All of the data should be restated word for word, with the pictures omitted.
[Records provided]
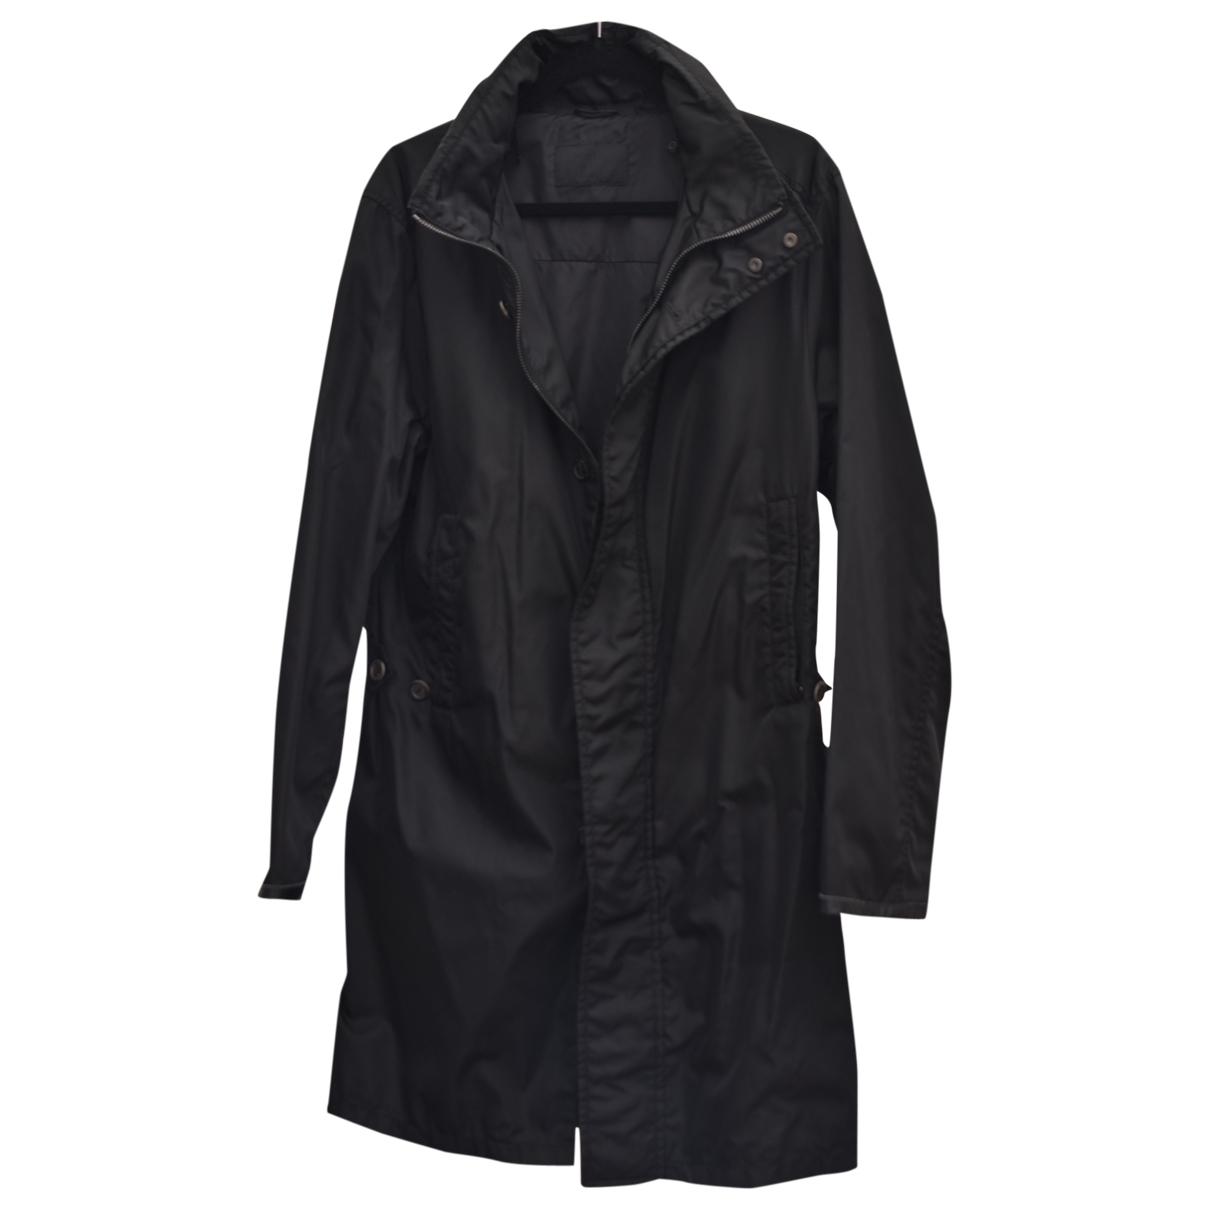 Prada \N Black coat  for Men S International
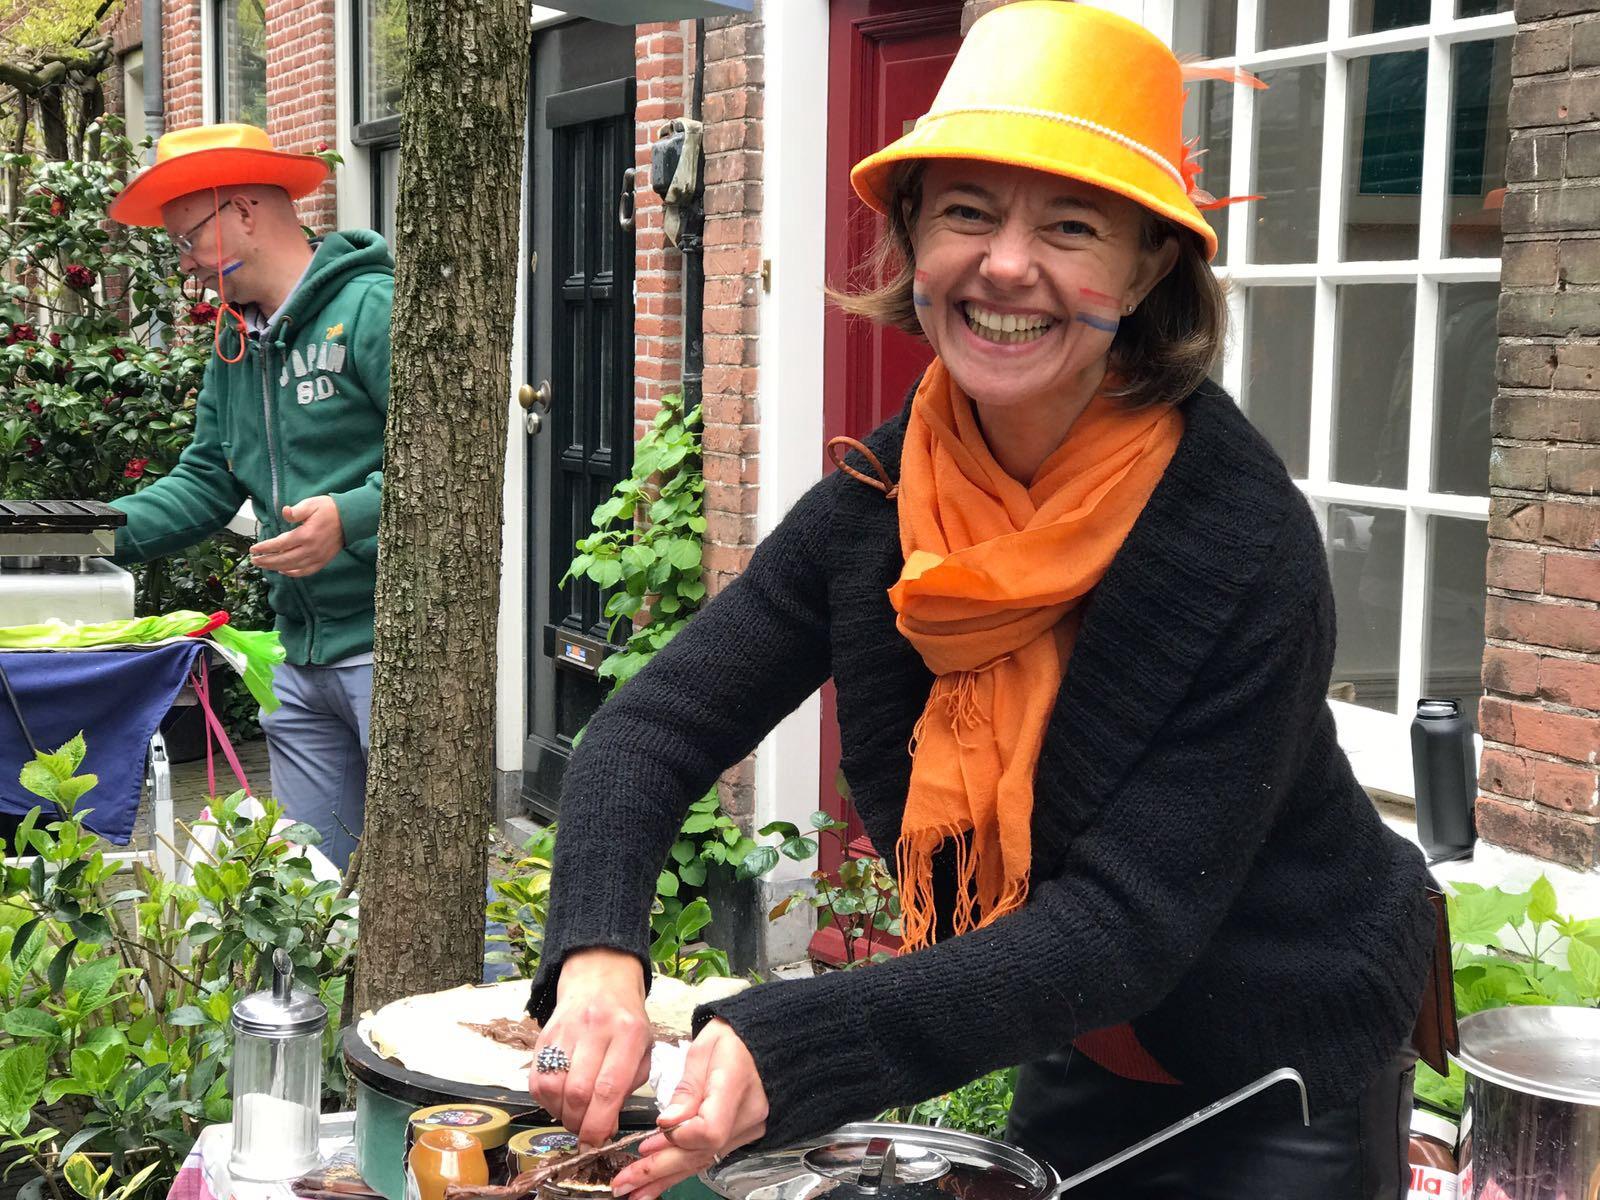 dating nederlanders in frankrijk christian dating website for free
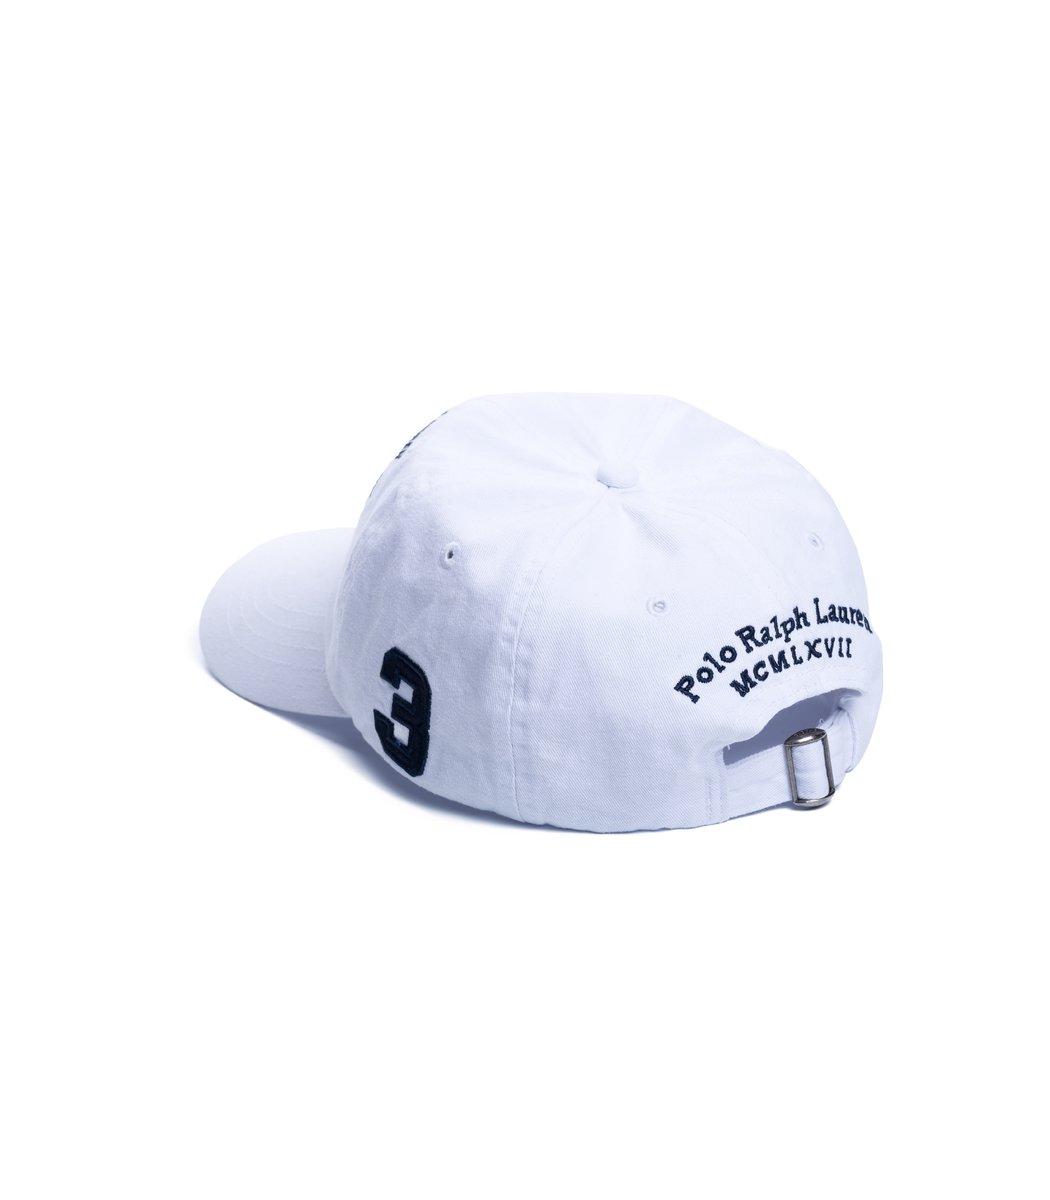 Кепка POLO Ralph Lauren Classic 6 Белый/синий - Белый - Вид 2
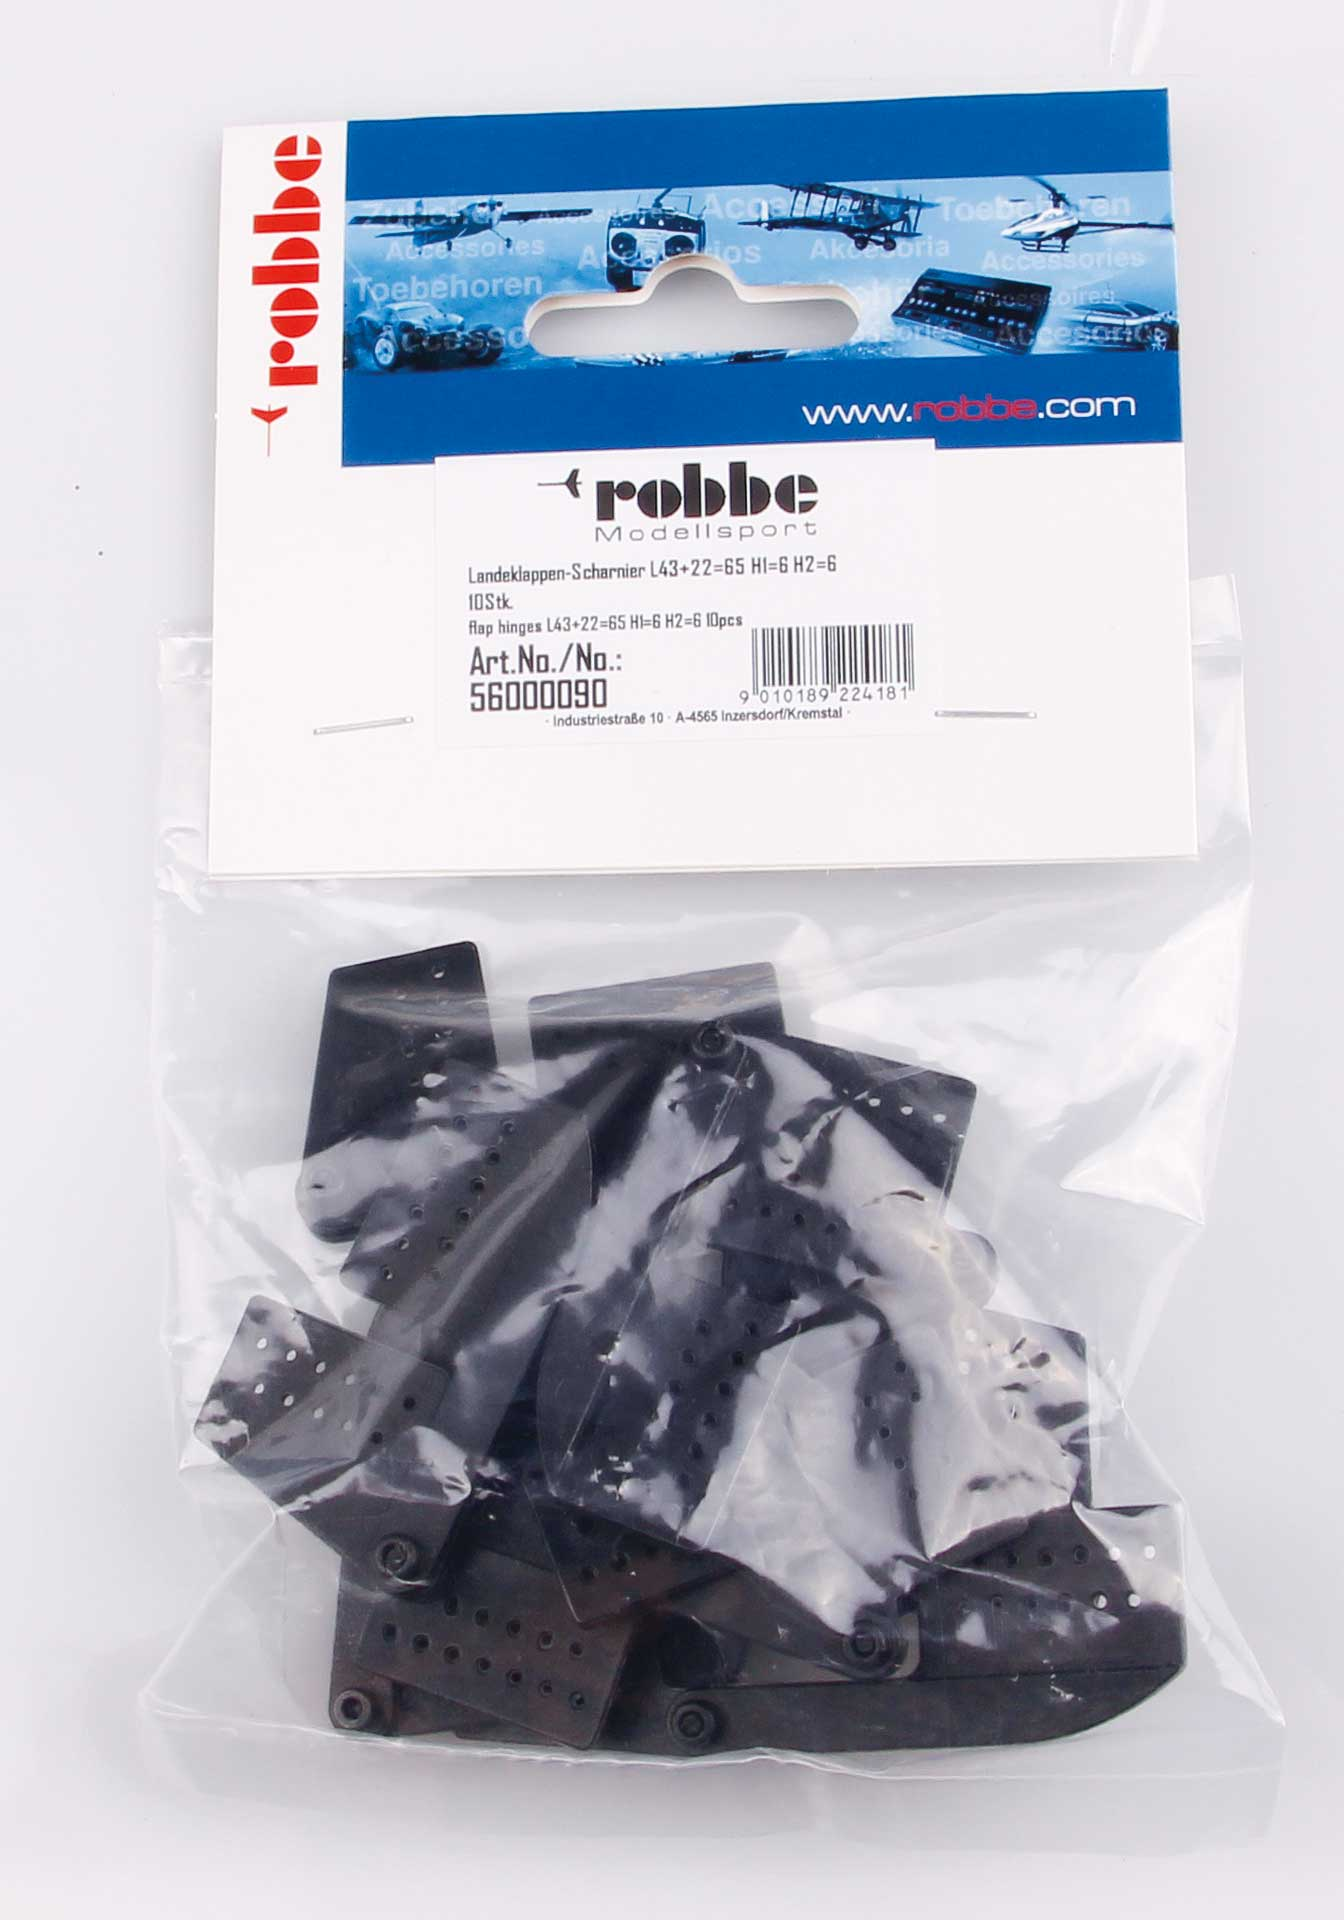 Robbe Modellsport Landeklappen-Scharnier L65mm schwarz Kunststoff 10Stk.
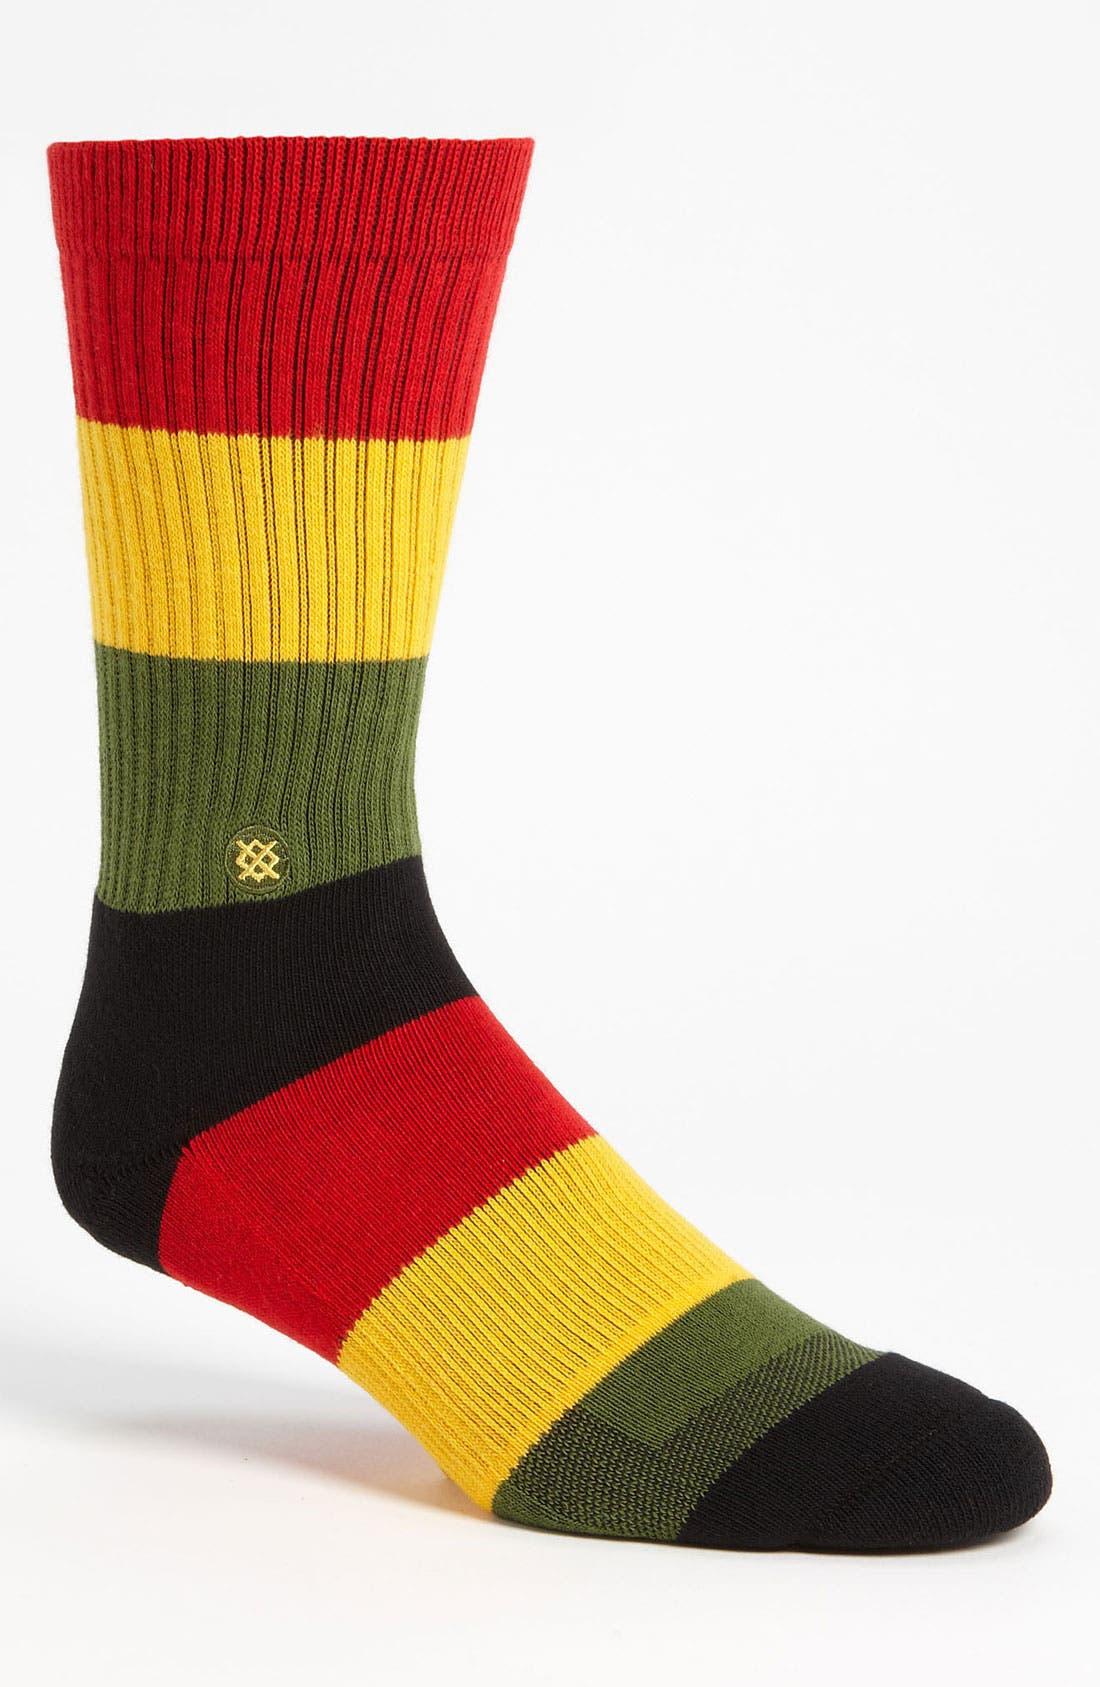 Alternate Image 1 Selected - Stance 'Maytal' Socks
[/Records provided]
Exercise response:
 Prada \N Black coat  for Men S International
 dating nederlanders in frankrijk christian dating website for free
 Кепка POLO Ralph Lauren Classic 6 Белый/синий - Белый - Вид 2
 Robbe Modellsport Landeklappen-Scharnier L65mm schwarz Kunststoff 10Stk.
 Alternate Image 1 Selected - Stance 'Maytal' Socks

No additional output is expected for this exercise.